I have a number of lights with this set-up and I don't experience much if any dimming....when the Li-ion batts get around 3.6v - 3.7v they just wont power up the light because of some resistance I am sure...how much I dont know...next time I will use my DMM to check how many Volts are truly being delivered to the bulb when the cells get down to 3.6v - 3.7v...


----------



## AzN1337c0d3r (Aug 26, 2008)

LuxLuthor said:


> Softstarter is one thing--it prevents startup inrush current spikes from cold filament. However, it outputs the same voltage as comes into it, so without a *regulation of voltage from whatever battery source,* you are not going to get a perfect 11.5V output delivered to the bulb from batteries that start at some higher voltage and continuously drained under load.



I stuck a DMM on the bulb leads when it was running. Obviously it's subject to change, but I tend to instaflash bulbs when running above that voltage as I have rarely seen anything higher than 11.5V with the bulb lighted.


----------



## Tessaiga (Aug 27, 2008)

choppers said:


> I have a number of lights with this set-up and I don't experience much if any dimming....when the Li-ion batts get around 3.6v - 3.7v they just wont power up the light because of some resistance I am sure...how much I dont know...next time I will use my DMM to check how many Volts are truly being delivered to the bulb when the cells get down to 3.6v - 3.7v...


 
Thanks for the info... do you have any idea of the runtime on this setup of 3 X 17670 running the 1185??


----------



## choppers (Aug 27, 2008)

Tessaiga said:


> Thanks for the info... do you have any idea of the runtime on this setup of 3 X 17670 running the 1185??

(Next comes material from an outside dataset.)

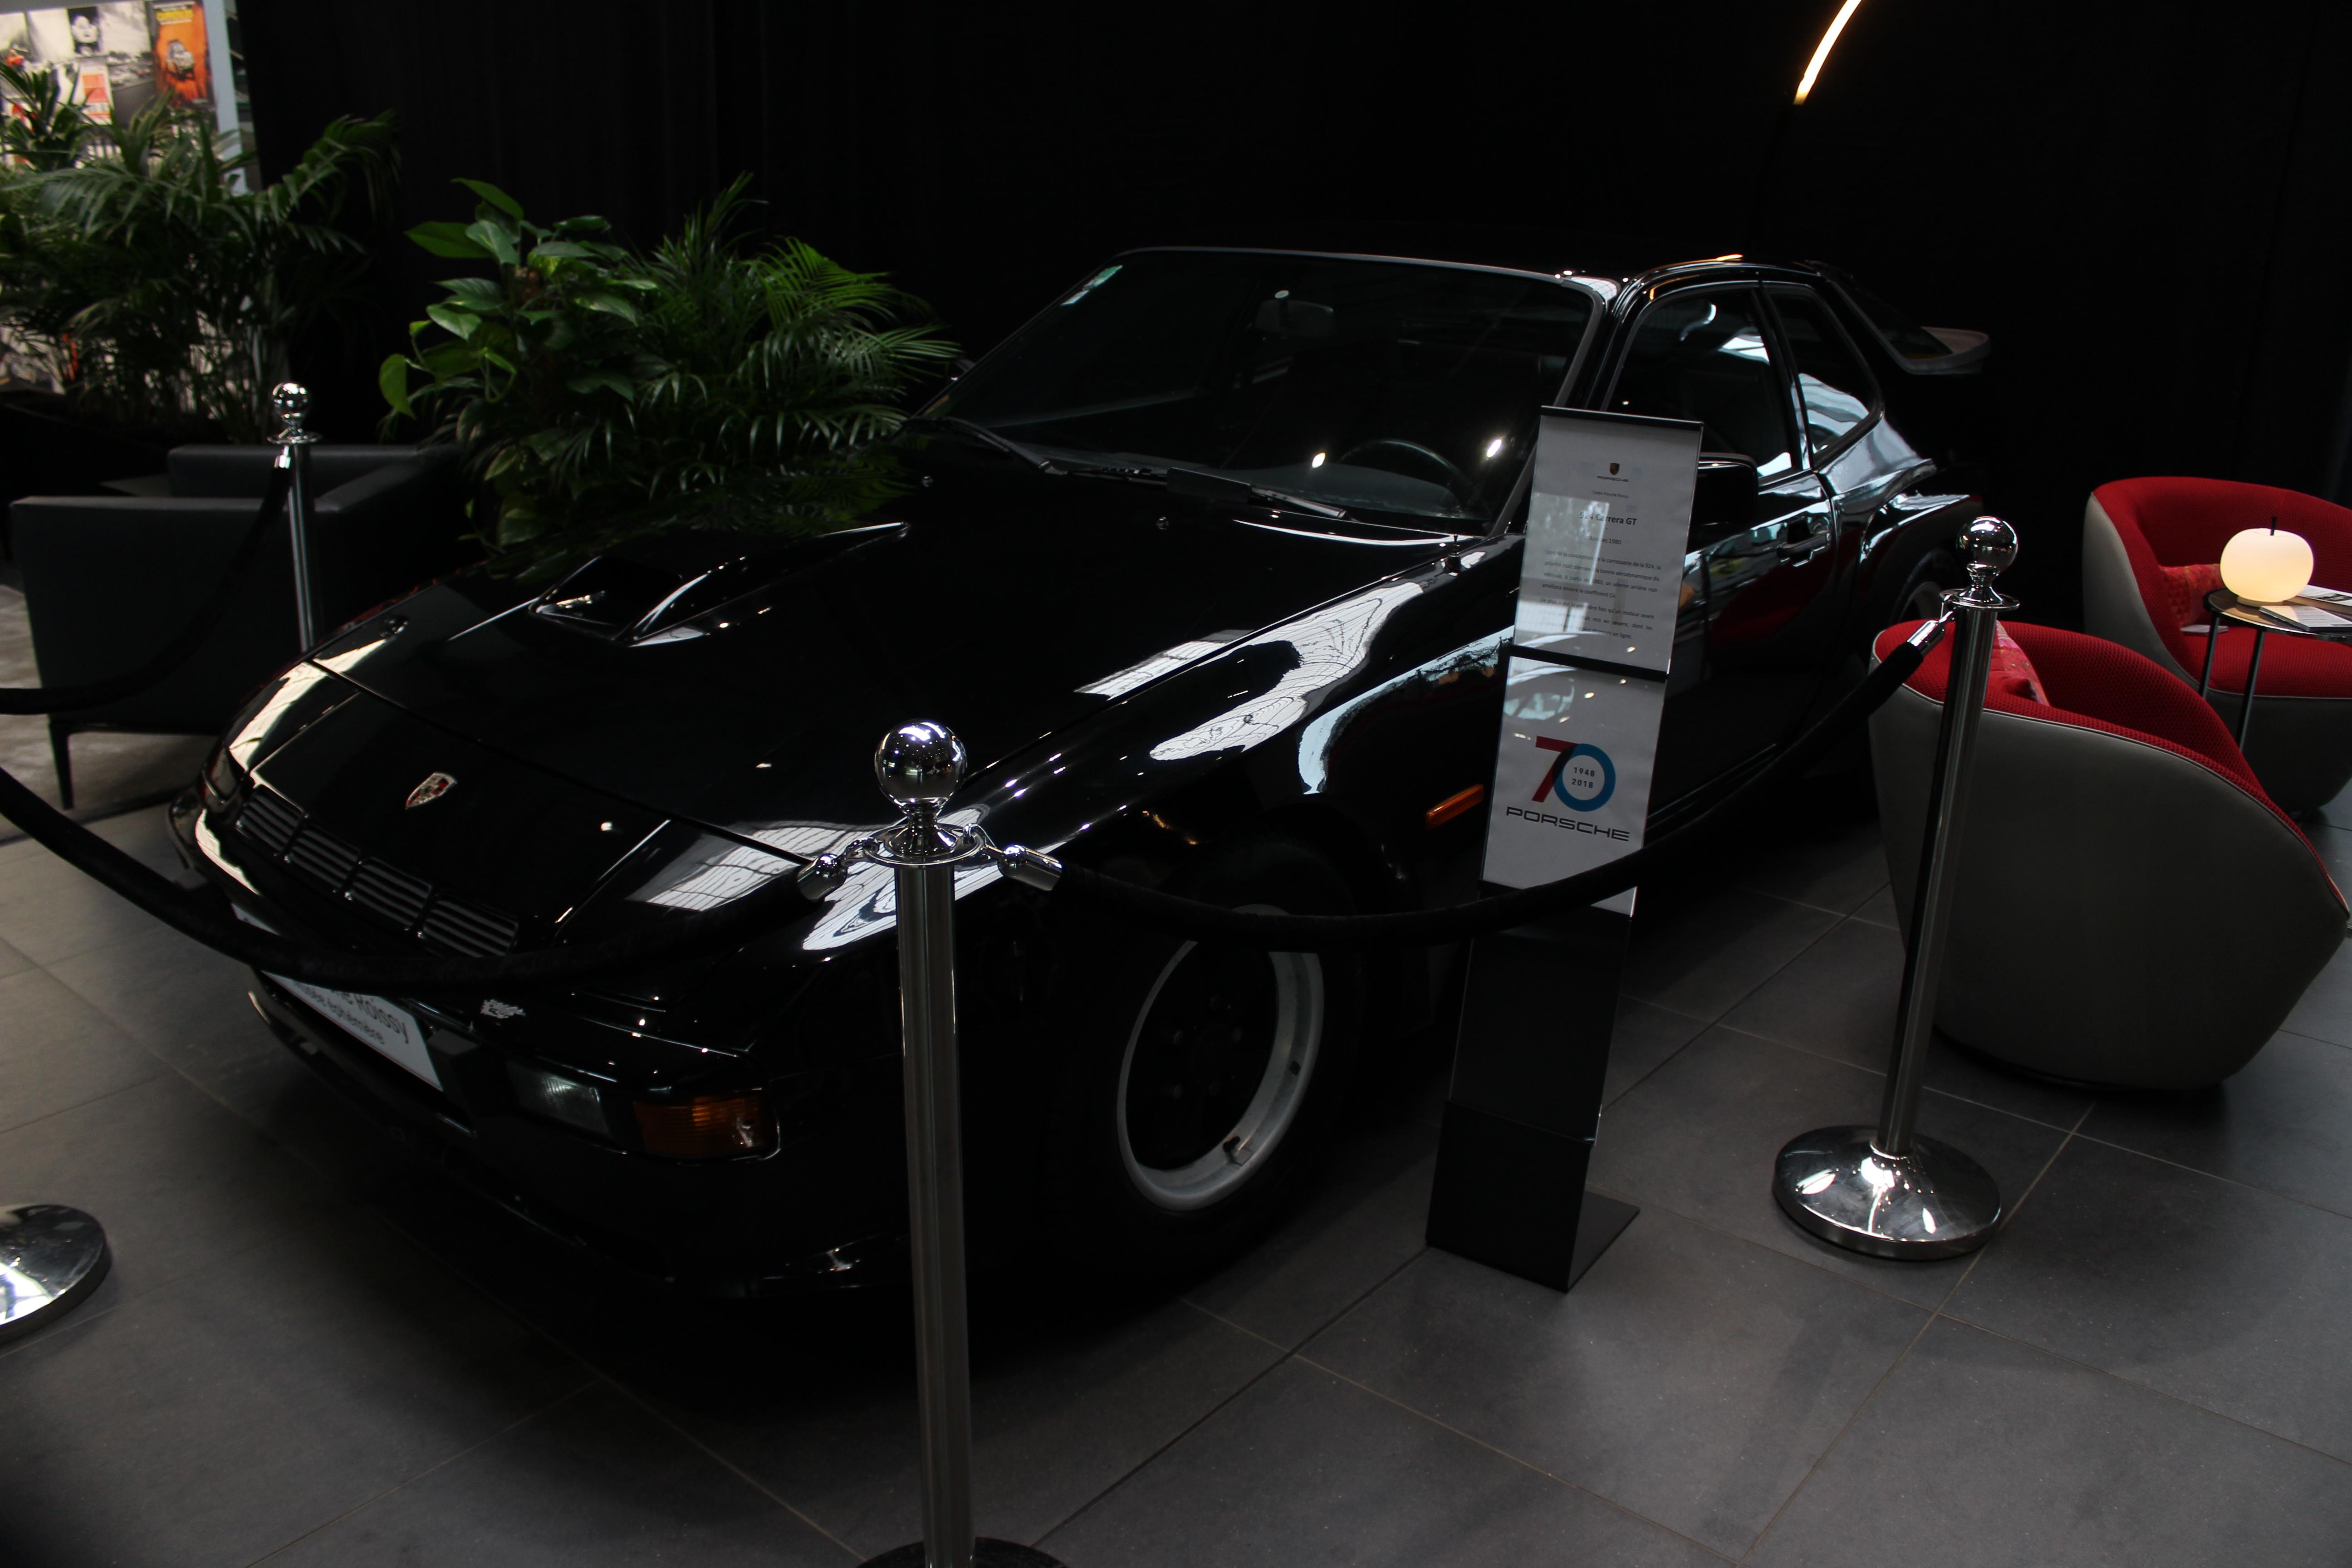 70 Ans Centre Porsche ROISSY Sonauto Img_6529

Good question....I havent timed it but I would guess around 30 minutes give or take...


----------



## Flashanator (Aug 27, 2008)

Speaking of runtime, what runtime do you Mag85 owners with the NiMH AA setup get?

thanks.


----------



## LuxLuthor (Aug 27, 2008)

Tessaiga said:


> On another note, can I know the runtime of the 1185 on a 3 X 17670 setup?
> 
> Does it also get significantly dimmer over the runtime??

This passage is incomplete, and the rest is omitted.